Monsoons are depended on by millions of people in some of the world’s most densely populated regions for water for agriculture and fisheries, recharge of aquifers and maintenance of ecosystems amongst others. It is therefore in our best interest to mitigate or at least understand the impact that natural variability and global climate change may have on reaching a critical threshold in monsoon systems and turning of the cycle for good.

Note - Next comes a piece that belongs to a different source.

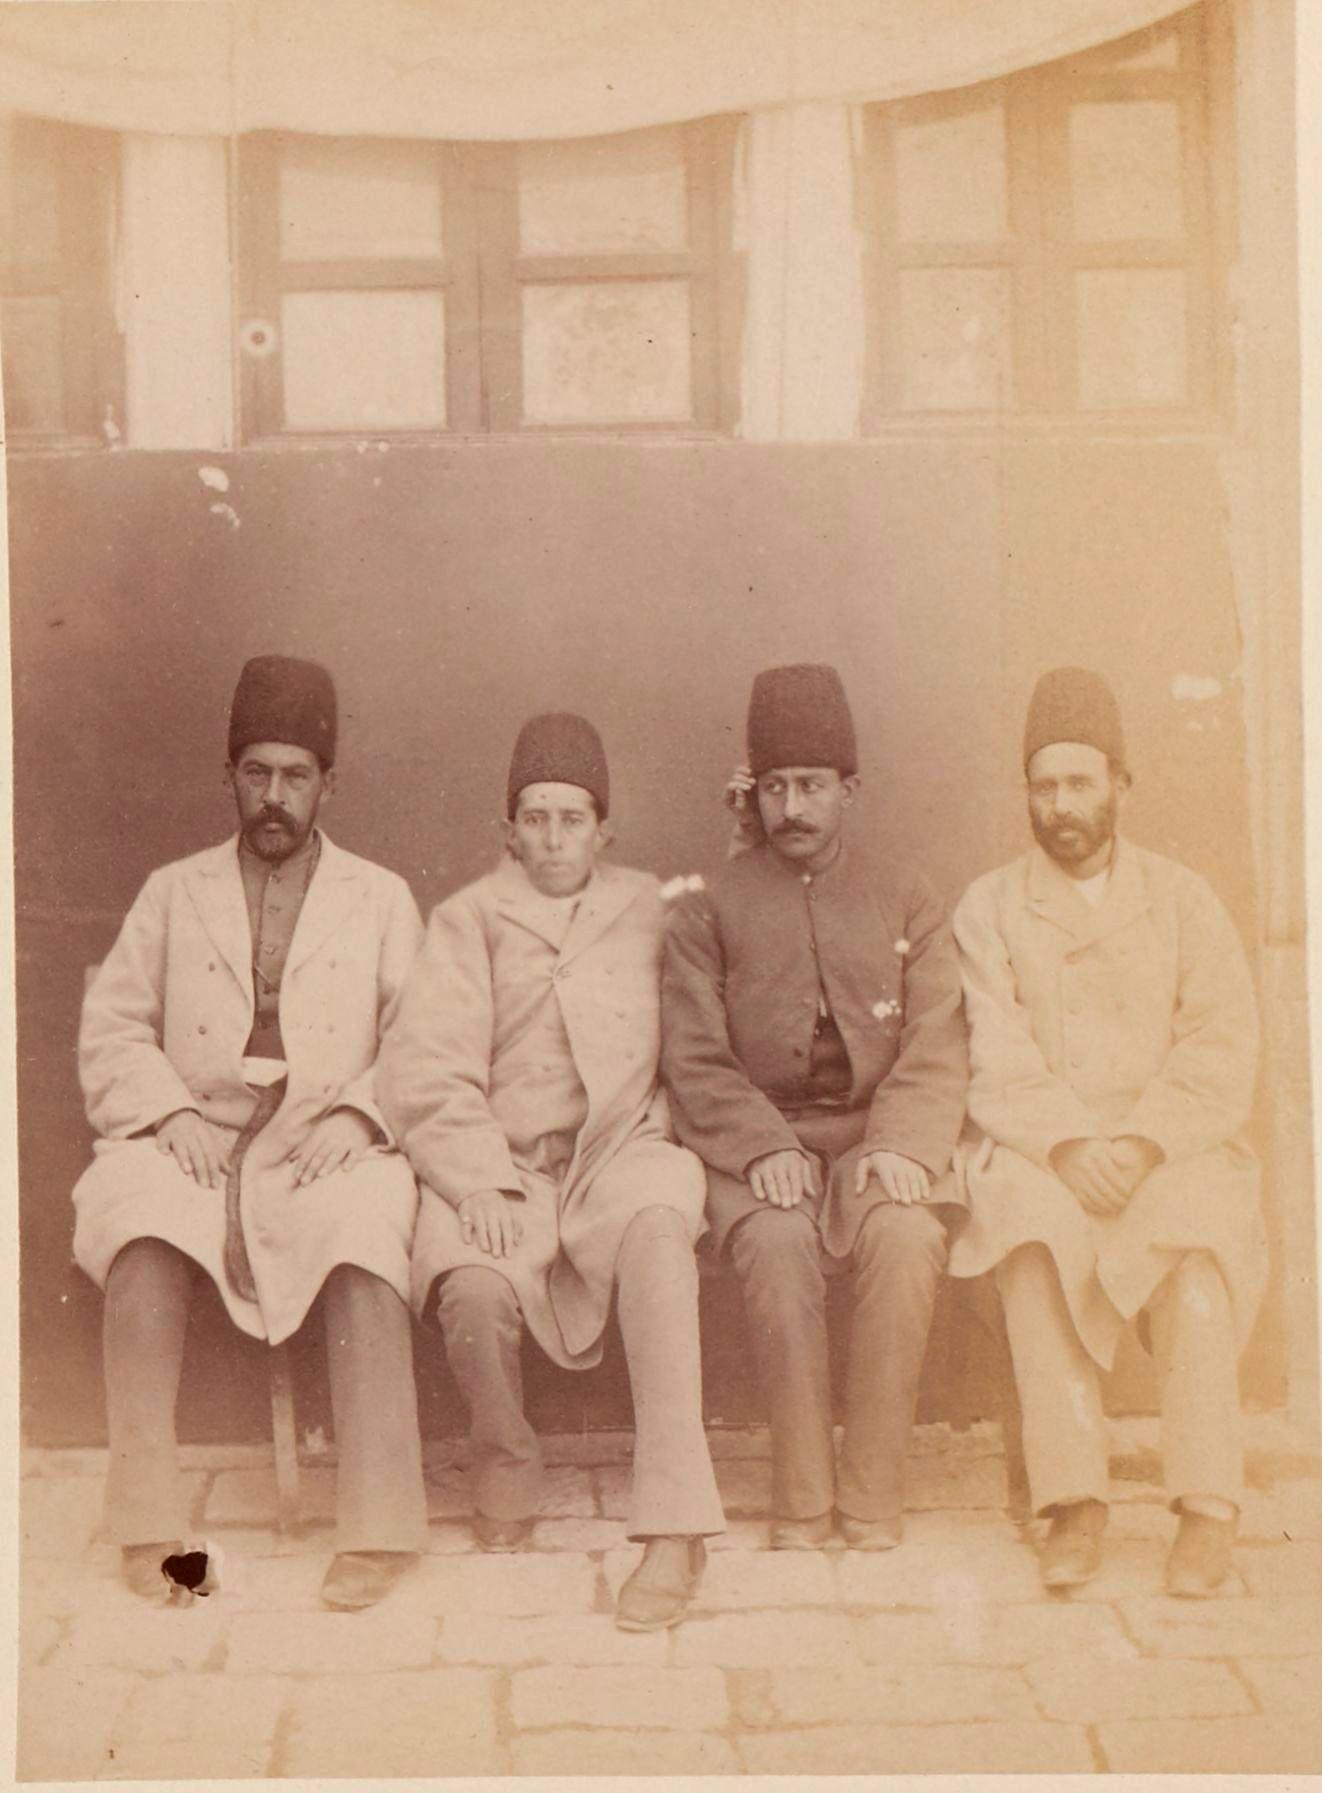 Абдул-Хоссейн Мирза Фарманфарма(30 марта, 1857 — 15 апреля 1939) — визирь Персии при Султан Ахмад-ша
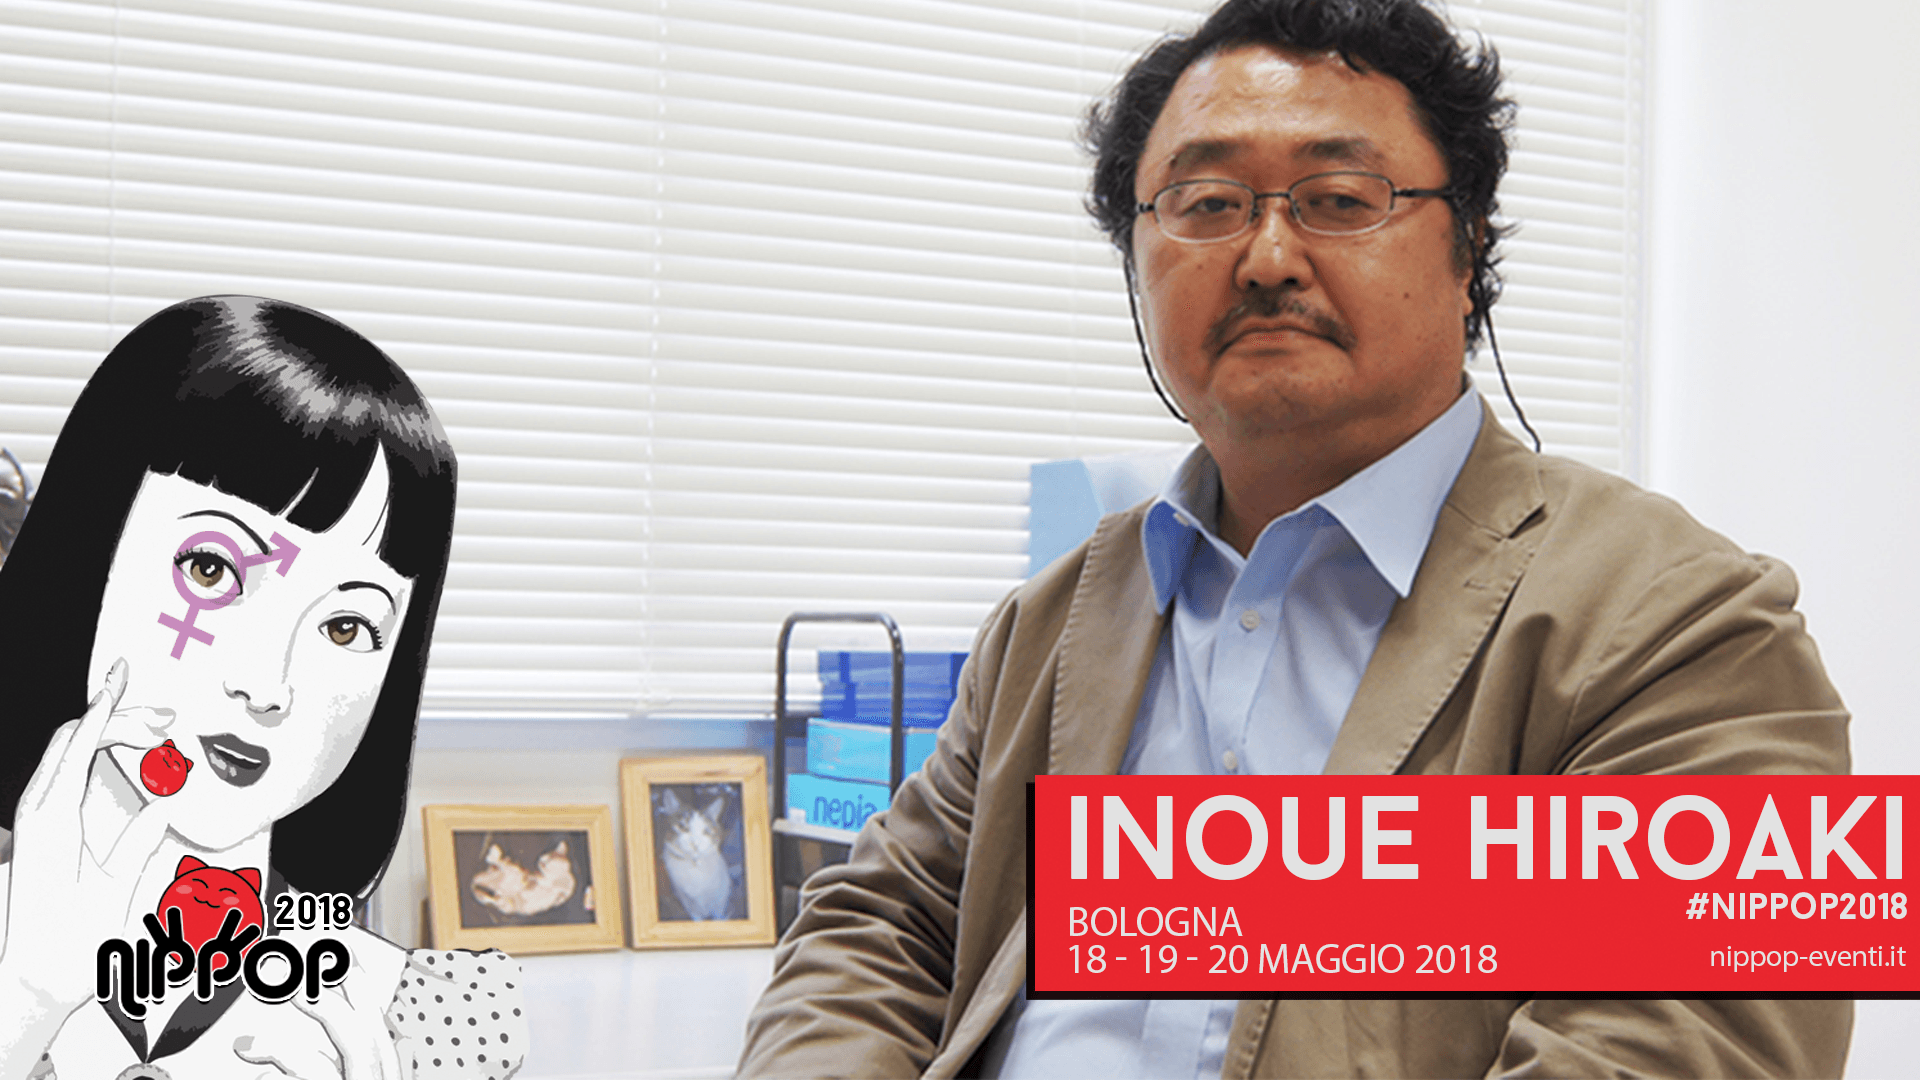 inoue hiroaki nippop 2018

Gupta, A.K., D. M. Anderson, J.T. Overpeck (2003) “Abrupt changes in the Asian southwest monsoon during the Holocene and their links to the North Atlantic Ocean”. Nature 421, 354–356.

Levermann, A., J. Schewe, V. Petoukhov, and H. Held (2009) “Basic mechanism for abrupt monsoon transitions” PNAS, vol. 106, 49, 20572–20577

Meehl, G. A. (1994) “Influence of the land surface on the Asian summer monsoon, external conditions versus internal feedbacks”. Journal of Climate. 7, 1033–1049

Zickfeld K, B. Knopf, V. Petoukhov and H. J. Schellnhuber (2005) “Is the Indian summer monsoon stable against global change?” Geophysical Research Letters 32:L15707.